With winter is in full swing and spring slowly approaching, many gardeners are wondering what types of plants and flowers bloom during the chillier seasons.
Winter’s dreary and colorless tone can make many gardens and homes look gray and dull. But there are beautiful plants and flowers that thrive in the cold and can give you that oomph of much needed color to your backyard. Here are just a couple flower and plant suggestions to liven up your landscape. Kerry Smith, an Alabama Cooperative Extension System specialist, gives some insight on the different types of plants and flowers below.
She said that there are both cold hardy annuals which only live for a single season and longer lived perennials that are good choices for winter color.
Pansies (Viola x )
The pansy is a “staple” flower that blooms in the cold. The pansy comes in a large variation of colors and generally grows approximately 6 inches to 9 inches tall. “It is a low, mounding type plant and grows in full sun to partial shade,” Smith explained. Pansies can be used to line sidewalks or other pathways because of the size and shape they grow. Pansies are ideal because they tend to bloom for extended periods, adding long-lasting color to your garden.
Snapdragons (Antirrhinum majus)
Snapdragons are vertical-growing plants that tend to bloom in dense bunches all the way up the stalk . They come in a variety of bright and light colors and are commonly paired with pansies. Snapdragons require consistent moisture and full sun to grow their best.
“While you can plant them in the winter, they actually perform even better if you plant them in the fall. This allows for better root growth and then a bigger show of flowers,” Smith said.

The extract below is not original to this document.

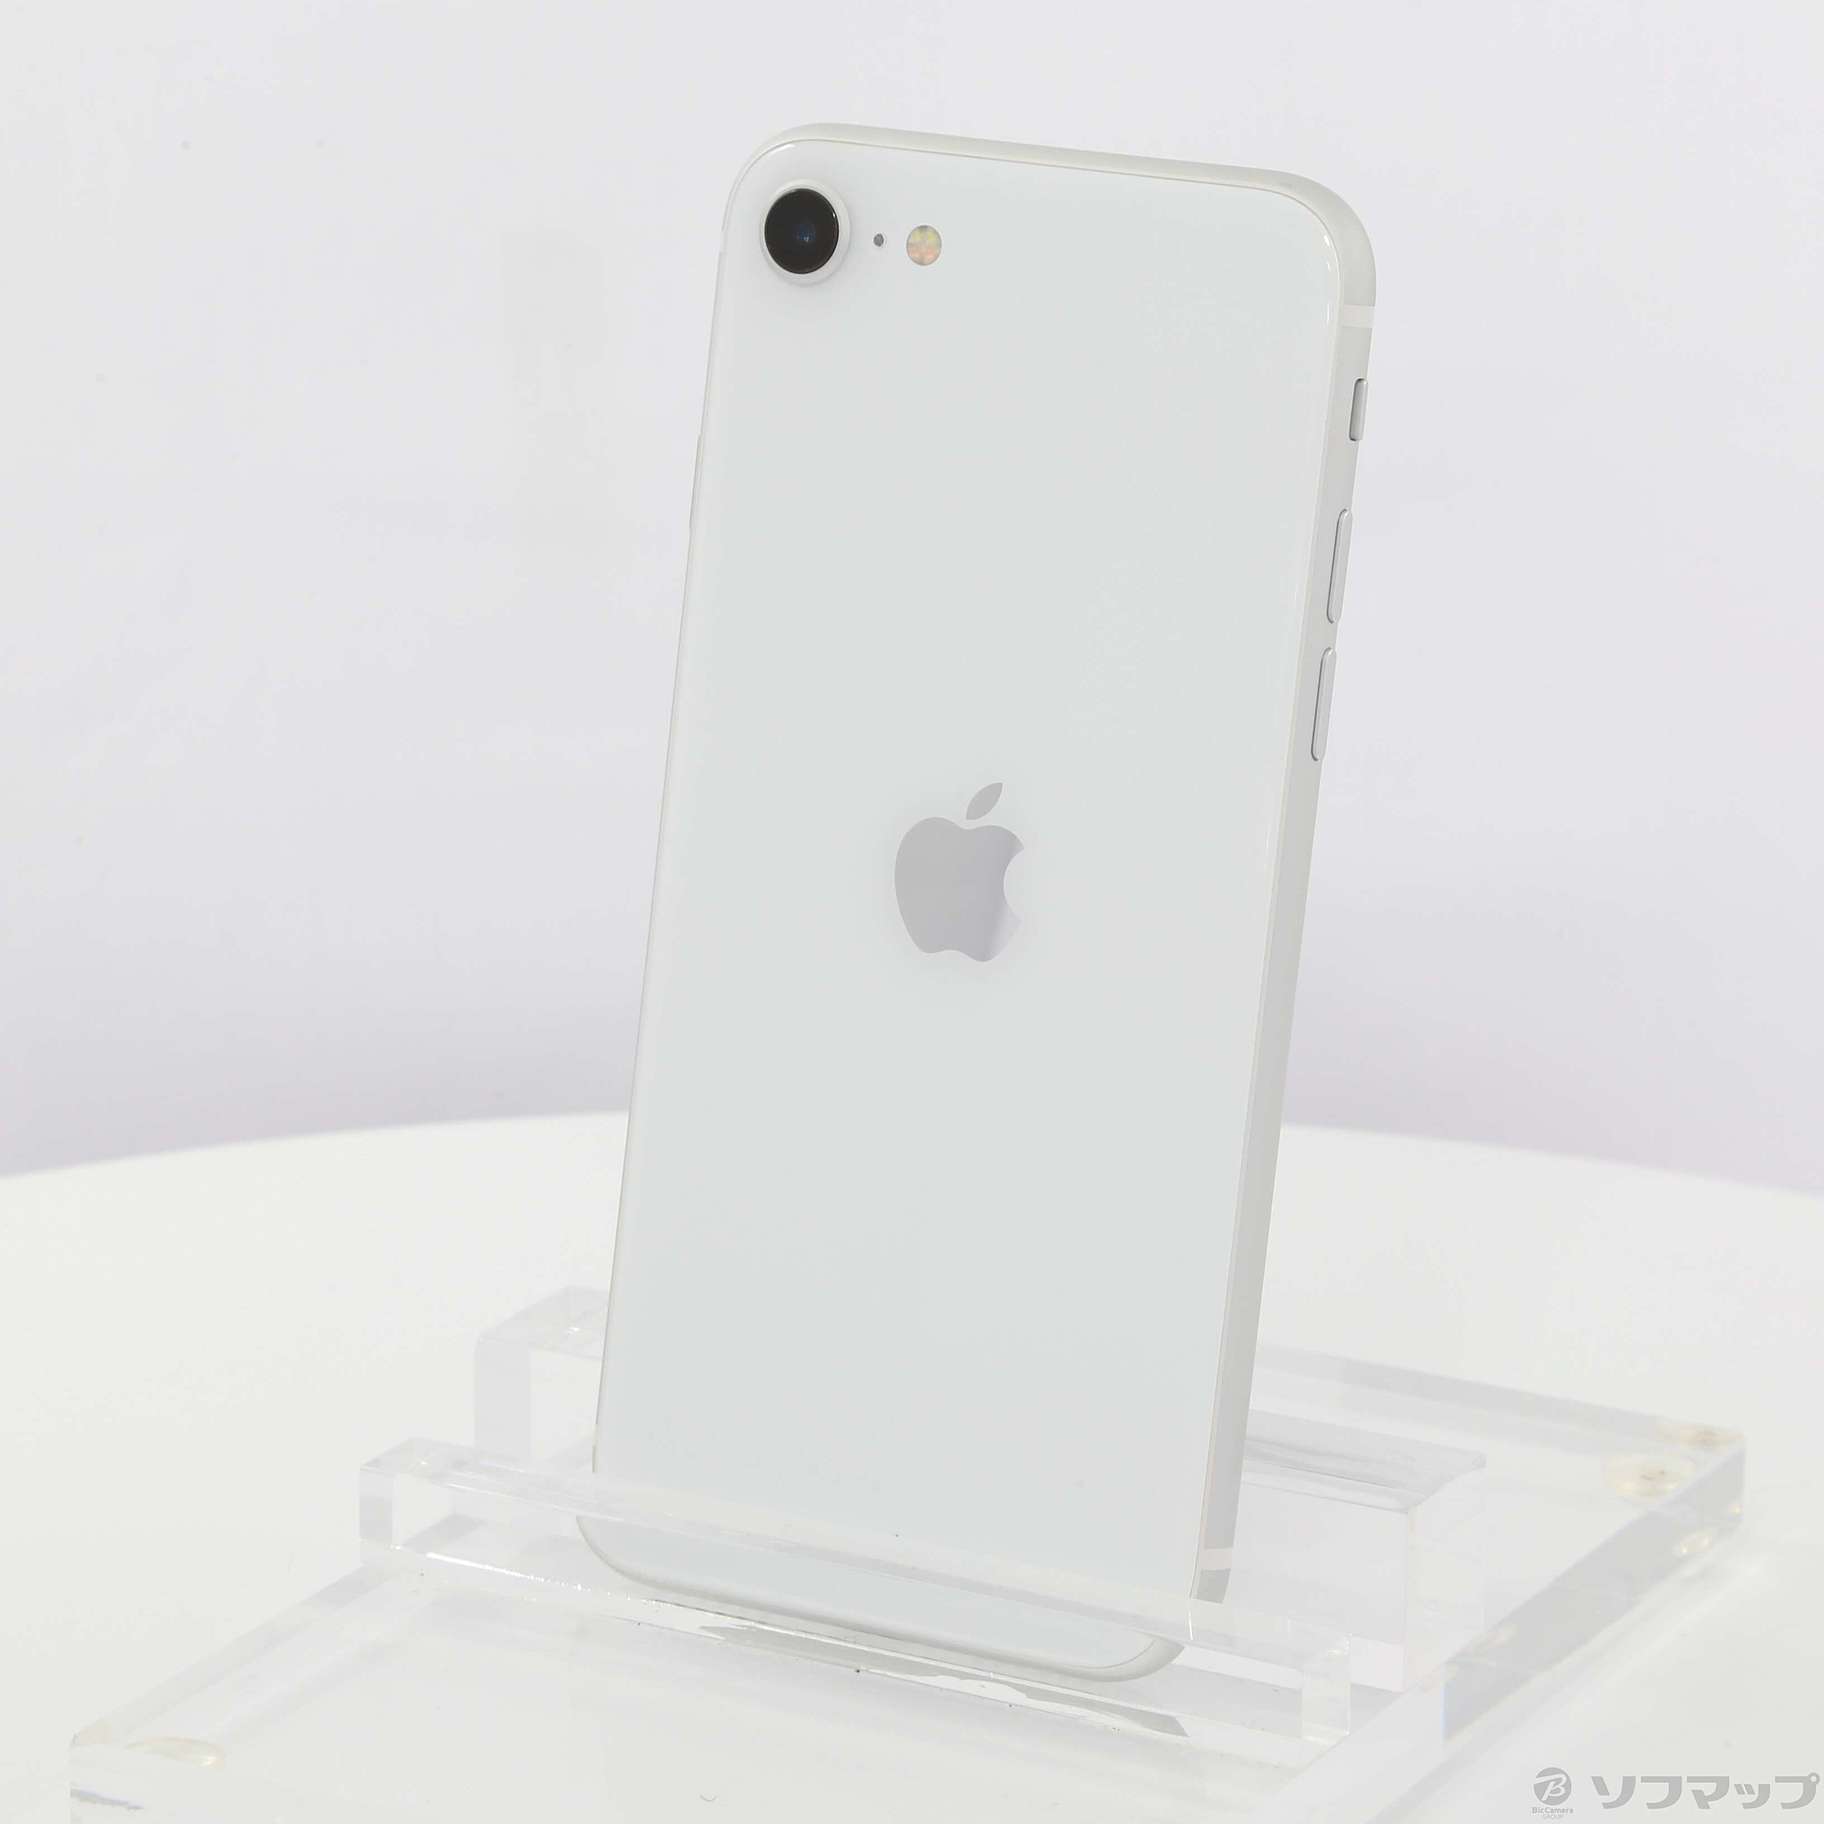 iPhone SE 第2世代 64GB SIMフリー ホワイト 未使用新品

Snapdragons grow from 1-3 feet tall.
English Daisy (Bellis perennis)
This flower grows close to the ground and reaches about 6 inches tall. Though it is considered an annual in the Deep South, the English Daisy can perennialize in colder regions. Colors come in pink, orange, white and yellow. English daisies should be watered often and grows best in full or partial sun.
Sweet Alyssum (Lobularia hybrids)
An annual flower that grow approximately 12 inches, it is used primarily to line beds and sidewalks. These flowers come in white, lavender or pink. Sweet alyssum is best grown in full sun or partial sun. “Sweet” is in their name because of their soft fragrance that catches your attention.
Honeywort (Cerinthe major)
With deep blue and purple flowers, honeywort is a great flower to spruce up a garden. This unusual and rare plant grows up to 3 feet in length and width and should be planted in full sun, or with a little shade.
Sweet Peas (Lathyrus odoratus)
Sweet peas look good and smell good. As its name implies the flowers have a sweet smell. This is an annual vine that can grow on a trellis or other upward-directing support. Sweet peas come in a variety of flower colors ranging from hot pink to deep blues and purples making it another colorful flower to add to your winter garden.
Perennials are plants that persist for many growing seasons. Generally the top portion of the plant dies back and regrows the following year from the same root system . There are good perennial choices for the winter garden. Here are some good choices for the winter garden.
Hardy Cyclamen (Cyclamen coum)
“This is another beautiful, low-maintenance winter flower that in addition to varying flower shades of pink, it also has foliage interest because of its dappled, silver color,” Smith said. They bloom usually in the fall or spring, depending on the species, but can be planted in the winter as well to brighten up a garden. Hardy cyclamens spread across the ground creating a “carpet in the leaf litter” as she described the plant. They grow in part shade.
And a plus for growing these flowers is that they have a special quality that repels deer from eating them.
After the initial planting, bulbs are low maintenance and can return for many years. Bulbs can create lots of color and are perfect for late winter and early spring. Many bulbs are deer resistant as well. Some bulb suggestions are:
Tips for preparing your flower bed for winter gardening
When getting ready to make room for your winter flowers and provide adequate living situations for your perennials, some tidying up needs to happen. Make sure you clean your garden of all old, dead and blackened annuals so they will not run the risk of spreading diseases or insect eggs to your new plants.
Once rid of old and dead leftovers, spread a new level of rich mulch over your garden to protect your plants and soil during the cold months. “Adding compost to the existing soil and gently mixing in where space allows and dividing overgrown perennials gives you more to spread around,” Smith advised.
Remember to keep adequate drainage for both annuals and perennials that live in beds. Roots do not do well with continuous water around them. Smith suggests an idea to create good drainage. “Before planting build a slightly raised, or mound bed area by adding compost or chipped leaves from your yard.